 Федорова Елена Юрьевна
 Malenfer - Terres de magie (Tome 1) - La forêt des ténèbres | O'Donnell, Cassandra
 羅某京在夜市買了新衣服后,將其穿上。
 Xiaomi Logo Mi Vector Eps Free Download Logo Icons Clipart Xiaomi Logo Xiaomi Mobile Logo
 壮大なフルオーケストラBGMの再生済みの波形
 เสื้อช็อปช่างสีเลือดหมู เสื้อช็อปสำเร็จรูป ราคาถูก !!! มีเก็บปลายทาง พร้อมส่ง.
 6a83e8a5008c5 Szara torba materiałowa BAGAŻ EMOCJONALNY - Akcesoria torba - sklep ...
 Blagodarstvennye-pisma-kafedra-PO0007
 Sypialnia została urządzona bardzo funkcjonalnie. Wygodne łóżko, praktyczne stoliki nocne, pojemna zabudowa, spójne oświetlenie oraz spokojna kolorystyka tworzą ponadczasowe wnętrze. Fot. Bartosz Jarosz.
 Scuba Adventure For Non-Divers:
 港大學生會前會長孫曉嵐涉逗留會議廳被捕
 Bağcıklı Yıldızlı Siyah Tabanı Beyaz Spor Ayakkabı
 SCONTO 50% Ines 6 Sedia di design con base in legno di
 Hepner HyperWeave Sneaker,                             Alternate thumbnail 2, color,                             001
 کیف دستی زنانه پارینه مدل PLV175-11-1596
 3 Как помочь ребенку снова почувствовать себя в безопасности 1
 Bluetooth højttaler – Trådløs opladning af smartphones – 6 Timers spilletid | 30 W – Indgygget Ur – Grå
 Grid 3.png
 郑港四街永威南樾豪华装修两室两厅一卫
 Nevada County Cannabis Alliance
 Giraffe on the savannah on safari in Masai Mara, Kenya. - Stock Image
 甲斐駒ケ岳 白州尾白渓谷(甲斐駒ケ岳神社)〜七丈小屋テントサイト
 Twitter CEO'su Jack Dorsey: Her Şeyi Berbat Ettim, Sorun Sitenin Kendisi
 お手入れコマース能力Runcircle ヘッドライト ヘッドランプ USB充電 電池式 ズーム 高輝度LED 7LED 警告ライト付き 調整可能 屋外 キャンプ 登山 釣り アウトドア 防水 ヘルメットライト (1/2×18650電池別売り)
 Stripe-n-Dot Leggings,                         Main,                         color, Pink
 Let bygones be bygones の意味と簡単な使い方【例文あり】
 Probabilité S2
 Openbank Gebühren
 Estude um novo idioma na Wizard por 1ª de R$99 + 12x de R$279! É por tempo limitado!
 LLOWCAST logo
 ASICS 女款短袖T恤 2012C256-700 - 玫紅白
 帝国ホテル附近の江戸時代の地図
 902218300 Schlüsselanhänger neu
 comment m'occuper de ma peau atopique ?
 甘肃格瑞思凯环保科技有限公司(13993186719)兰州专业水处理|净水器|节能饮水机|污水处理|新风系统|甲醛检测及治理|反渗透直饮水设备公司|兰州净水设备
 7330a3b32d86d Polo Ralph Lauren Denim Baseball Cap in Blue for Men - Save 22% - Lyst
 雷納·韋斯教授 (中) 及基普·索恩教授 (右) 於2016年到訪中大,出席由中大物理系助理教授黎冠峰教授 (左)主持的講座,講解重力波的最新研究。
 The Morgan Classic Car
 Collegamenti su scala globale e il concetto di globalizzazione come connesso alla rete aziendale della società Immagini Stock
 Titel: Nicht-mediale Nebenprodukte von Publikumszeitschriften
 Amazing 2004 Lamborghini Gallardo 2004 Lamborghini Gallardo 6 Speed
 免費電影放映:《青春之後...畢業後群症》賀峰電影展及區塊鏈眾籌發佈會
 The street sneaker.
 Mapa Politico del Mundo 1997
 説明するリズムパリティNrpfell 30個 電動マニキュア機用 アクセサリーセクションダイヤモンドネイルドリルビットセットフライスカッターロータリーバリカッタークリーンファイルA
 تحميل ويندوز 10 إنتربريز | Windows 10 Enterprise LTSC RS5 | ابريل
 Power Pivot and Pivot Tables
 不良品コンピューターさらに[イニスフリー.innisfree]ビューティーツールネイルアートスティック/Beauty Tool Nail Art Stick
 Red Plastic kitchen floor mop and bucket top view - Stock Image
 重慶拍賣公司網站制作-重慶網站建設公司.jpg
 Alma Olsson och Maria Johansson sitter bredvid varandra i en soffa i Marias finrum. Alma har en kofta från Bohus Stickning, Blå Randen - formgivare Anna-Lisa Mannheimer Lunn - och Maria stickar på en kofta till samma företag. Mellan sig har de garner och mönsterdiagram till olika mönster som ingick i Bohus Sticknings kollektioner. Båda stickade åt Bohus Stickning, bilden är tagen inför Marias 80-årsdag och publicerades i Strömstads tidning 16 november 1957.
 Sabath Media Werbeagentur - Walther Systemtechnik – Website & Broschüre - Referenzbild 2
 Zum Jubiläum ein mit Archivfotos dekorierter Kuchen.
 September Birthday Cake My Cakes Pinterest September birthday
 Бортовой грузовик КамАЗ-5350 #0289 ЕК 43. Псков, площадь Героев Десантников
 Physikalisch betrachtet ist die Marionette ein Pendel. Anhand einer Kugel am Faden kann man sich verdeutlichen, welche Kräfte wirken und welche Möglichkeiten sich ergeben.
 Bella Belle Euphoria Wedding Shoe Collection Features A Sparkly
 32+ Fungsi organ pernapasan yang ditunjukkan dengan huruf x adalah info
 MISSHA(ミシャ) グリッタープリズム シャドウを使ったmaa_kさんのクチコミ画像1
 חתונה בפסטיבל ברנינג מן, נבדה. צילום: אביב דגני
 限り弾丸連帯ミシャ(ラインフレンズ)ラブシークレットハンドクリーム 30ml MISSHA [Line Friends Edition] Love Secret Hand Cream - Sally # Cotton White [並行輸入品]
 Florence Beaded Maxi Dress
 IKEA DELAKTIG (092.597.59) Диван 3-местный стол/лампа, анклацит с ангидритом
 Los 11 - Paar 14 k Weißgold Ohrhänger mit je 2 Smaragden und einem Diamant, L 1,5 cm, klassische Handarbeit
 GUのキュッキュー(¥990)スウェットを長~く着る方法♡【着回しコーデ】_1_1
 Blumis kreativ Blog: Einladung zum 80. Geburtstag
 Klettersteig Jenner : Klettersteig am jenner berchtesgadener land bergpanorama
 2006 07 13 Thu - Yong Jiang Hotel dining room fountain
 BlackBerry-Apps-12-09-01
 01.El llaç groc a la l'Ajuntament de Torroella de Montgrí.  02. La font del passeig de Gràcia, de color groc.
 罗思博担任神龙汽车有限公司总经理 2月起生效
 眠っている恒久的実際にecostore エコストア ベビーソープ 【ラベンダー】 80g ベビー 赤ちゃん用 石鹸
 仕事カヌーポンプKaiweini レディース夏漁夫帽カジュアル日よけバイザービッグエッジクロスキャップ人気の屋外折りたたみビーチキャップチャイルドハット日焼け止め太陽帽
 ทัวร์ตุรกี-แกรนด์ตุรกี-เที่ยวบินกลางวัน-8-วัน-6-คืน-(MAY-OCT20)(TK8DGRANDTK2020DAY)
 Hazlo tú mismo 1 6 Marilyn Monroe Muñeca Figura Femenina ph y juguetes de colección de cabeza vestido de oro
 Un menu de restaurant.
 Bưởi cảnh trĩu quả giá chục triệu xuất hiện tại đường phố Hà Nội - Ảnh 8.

■ Exercise:
From the listing above, pick out every line containing "Stock".

■ Answer to this problem:
 Giraffe on the savannah on safari in Masai Mara, Kenya. - Stock Image
 Collegamenti su scala globale e il concetto di globalizzazione come connesso alla rete aziendale della società Immagini Stock
 Red Plastic kitchen floor mop and bucket top view - Stock Image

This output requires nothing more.